My brother wasn’t nearly as impressed when I tried to lure him into becoming audience with me. That’s okay; I was always underwhelmed by the significance of his favorite team’s touchdowns that he insisted in sharing with me.
It’s all praiseworthy as long as one among us notices.
When the soft cushion of sunset lingers with residual stains of dappled cobbler clouds predicting the sweetness of a next day’s dawn, I’m reminded to “remember this, this moment, this feeling”~
I realize that it will be lost, slipping away from me in mere moments, a sacramental fading away of time. I can barely remember the sweetness of its taste, so what’s left is the stain of its loss.
Balancing as best I can on life’s cobbled path, stumbling and tripping over rough unforgiving spots, I ponder the messy sweetness of today’s helping of soulful shortcake, treasure it up, stains and all, knowing I could never miss it if I hadn’t been allowed a taste and savored it to begin with.
In Summer, in a burst of summertime Following falls and falls of rain, When the air was sweet-and-sour of the flown fineflower of Those goldnails and their gaylinks that hang along a lime; ~Gerard Manley Hopkins from “Cheery Beggar”
Open the window, and let the air Freshly blow upon face and hair, And fill the room, as it fills the night, With the breath of the rain’s sweet might.
Nought will I have, not a window-pane, ‘Twixt me and the air and the great good rain, Which ever shall sing me sharp lullabies; And God’s own darkness shall close mine eyes; And I will sleep, with all things blest, In the pure earth-shadow of natural rest. ~James Henry Leigh Hunt from “A Night-Rain in Summer”
Sweet and sour extends far beyond a Chinese menu; it is the daily air I breathe.

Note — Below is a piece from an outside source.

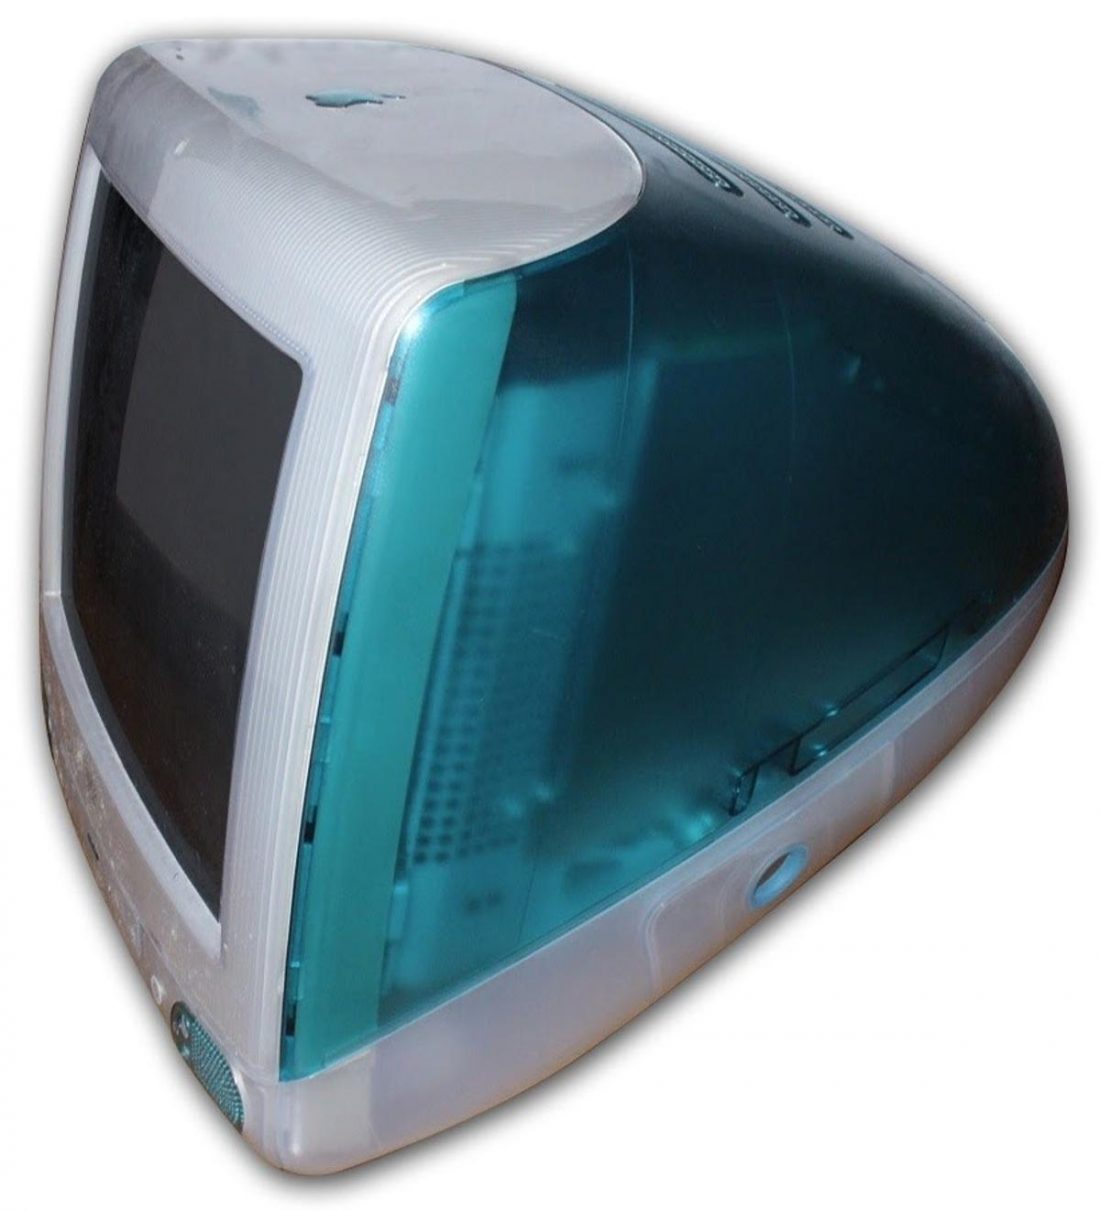 Apple iMac, circa 1998 (From: Wikipedia)

I am but a cheery beggar in this summer world, hanging tight to the sweetness of each glorious moment yet knowing it cannot last:
the startling twilight gold of a July rain, the intense green of thirsty fields, a rainbow suspended in misty haze, the clouds racing to win the day’s finish line.

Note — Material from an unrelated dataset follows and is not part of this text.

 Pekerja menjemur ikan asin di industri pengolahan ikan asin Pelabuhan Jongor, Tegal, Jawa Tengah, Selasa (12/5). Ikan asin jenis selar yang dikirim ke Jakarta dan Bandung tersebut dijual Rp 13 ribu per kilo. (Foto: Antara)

But as beggars aren’t choosers, sweet rain ruins hay harvest and berries turn to mold on the vine.
The sky stooping to kiss the earth may bring mud and flood.
I breathe deeply now of petrichor: the scent of raindrops falling on dry land as if I could wear it like perfume on those sour days of drought.

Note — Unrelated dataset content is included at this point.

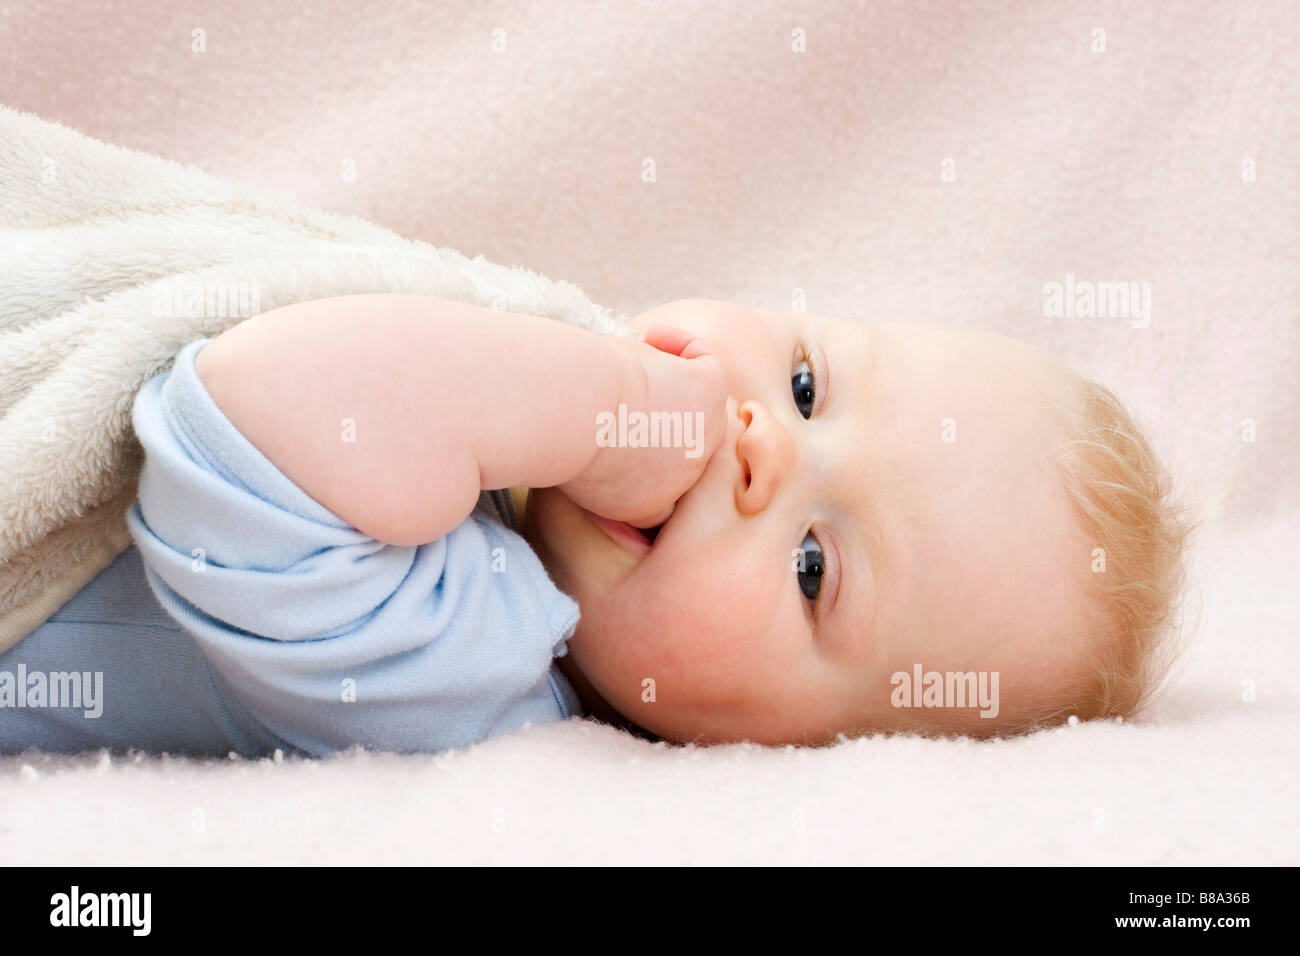 Liegenden Säugling Baby 7 Monate alt Stockfoto

With my arms raised in a vee, I gather the heavens and bring my hands down slow together, press palms and bow my head.
I try to forget the suffering, the wars, the ravage of land that threatens songbirds, butterflies, and pollinators.
The ghosts of their wings flutter past my closed eyes as I breathe the spirit of seasons, the stirrings in soil, trees moving with sap.
With my third eye, I conjure the red fox, its healthy tail, recount the good of this world, the farmer tending her tomatoes, the beans
dazzled green al dente in butter, salt and pepper, cows munching on grass. The orb of sun-gold from which all bounty flows. ~Twyla M. Hansen “Trying to Pray” fromRock. Tree. Bird
There is much to pray about. The list is endless and the need overwhelming.
Where even to begin?
It is for good reason we are advised by Paul to “pray without ceasing” (the word in Greek is adialeiptos or “uninterruptedly”) in 1 Thessalonians 5:17.
It is not only when we audibly and in form, address our petitions to the Deity that we pray. We pray without ceasing. Every secret wish is a prayer. Every house is a church; the corner of every street is a closet of devotion. ~Ralph Waldo Emerson in his sermon: Pray Without Ceasing
A farmer may have an addendum: every barn is a church, every moment kneeling and weeding the soil an act of devotion, every moment of care-taking God’s creation an act of sacramental obedience. Praying without ceasing in the course of one’s day.
Yet even before we clasp our hands together, we are told to “Rejoice always.” -Rejoice before complaining. -Rejoice before requesting. -Rejoice before losing heart.
Let me be breathing in the spirit of the seasons, overwhelmed by joy, before I talk with God. He knows which tears are which.